Then she went to detach cages from the wall, using the laser knife on her multitool to cut them away from their mountings. Erick had the first pod inflated, and she hurried to load their living cargo into it. The animals had been forced to defecate in their cages, and she was glad she couldn’t smell anything through her helmet. Washing them and cleaning the Snapper would be her fun project while Erick was off not meeting women. Otherwise, it would be hard to explain to her parents how their newly acquired freighter had come to smell like a sewer.
Erick inflated a third pod and worked alongside her, quickly moving cages while glancing often at the door that led to that tunnel and the rest of the facility. He lined up the hoverboards behind his bike, checking heights and deflating the pods slightly to be sure they would fit through the cargo doors in a chain. They were meant to be lifeboats in a spaceship emergency, not shipping containers.
A clang came from beyond the tunnel, and Jelena froze. Was someone coming?
Several monkeys hooted, and she winced at the noise. She used her power to soothe them, assuring them there was nothing worth chatting about right now. She hoped she wasn’t lying to them.

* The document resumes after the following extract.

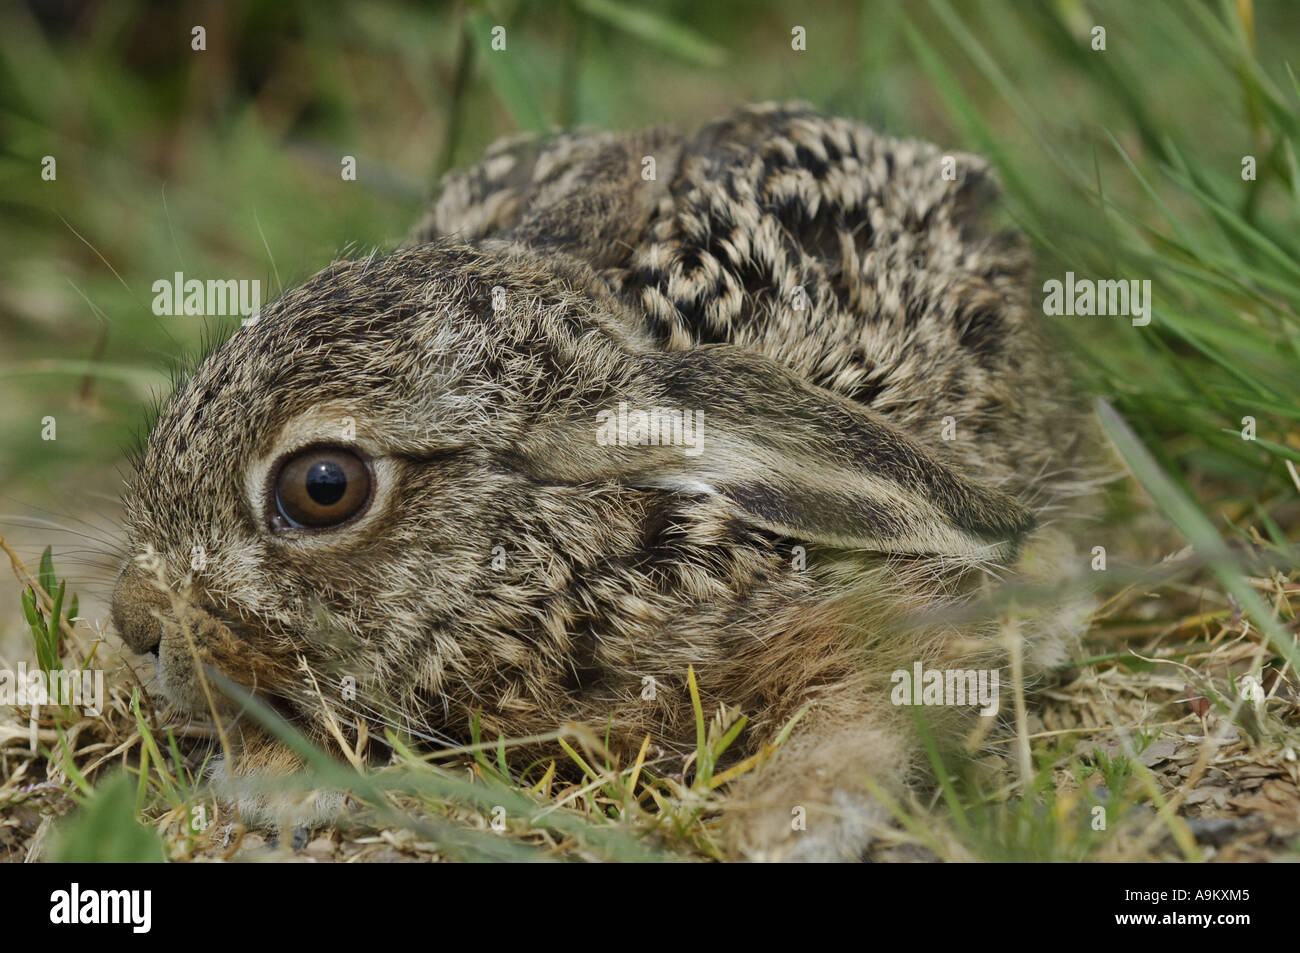 European hare (Lepus europaeus), juvenile, cowering at the ground Stock Photo

“There are people in the next building over,” Erick said, not pausing in his work. “I think they’re unloading the cargo from the ship.”
“Can you tell what it is?” Jelena asked, thinking again that more animals might have been brought in. If the cargo was being stored so close to this warehouse, wasn’t that possible?

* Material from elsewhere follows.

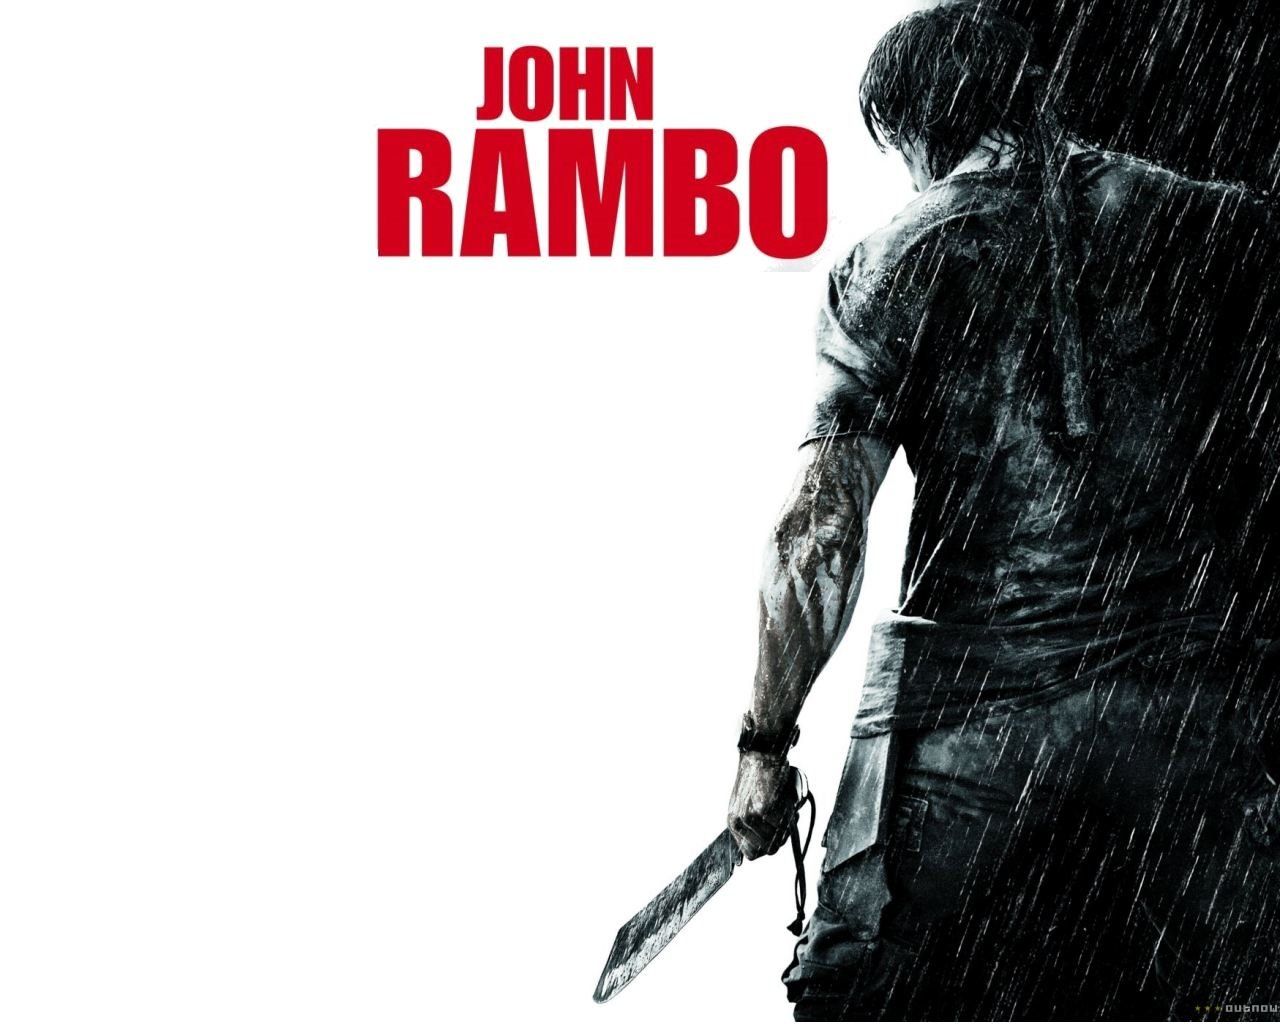 Rambo Last Blood Wallpapers

“No.” Erick shook his head, but he was so busy working, she wasn’t sure if the no meant he couldn’t tell or didn’t have time to pause and use his mind to look. “I have figured out which building houses the forcefield generator. We need to make sure we have time to visit it on the way out.”
Jelena grunted as she hefted a monkey cage down. She’d forgotten about the forcefield. If they got all of these cages loaded but then couldn’t get back to the ship, this whole adventure would be for naught.
The first dog she had freed, along with several others, followed her as she carried the cage to the pod and Erick stacked it inside. She was glad that he, with his more mathematical mind, was doing the loading—he would get far more to fit than she would have.
“That’s the last animal that’s still alive,” she said, then reluctantly convinced the free ones to go into one of the few larger cages in the pod, one that only had a couple of scared puppies for occupants. She hated to lock them back up, even for a short time, but the ride back out might be bumpy, and if the cages toppled, she didn’t want any unprotected bodies in the middle.
The first one she’d freed paused to lean against her leg again, and she gave the dog a pat.
“Go on in there, girl. We’ll get you to a better home soon.”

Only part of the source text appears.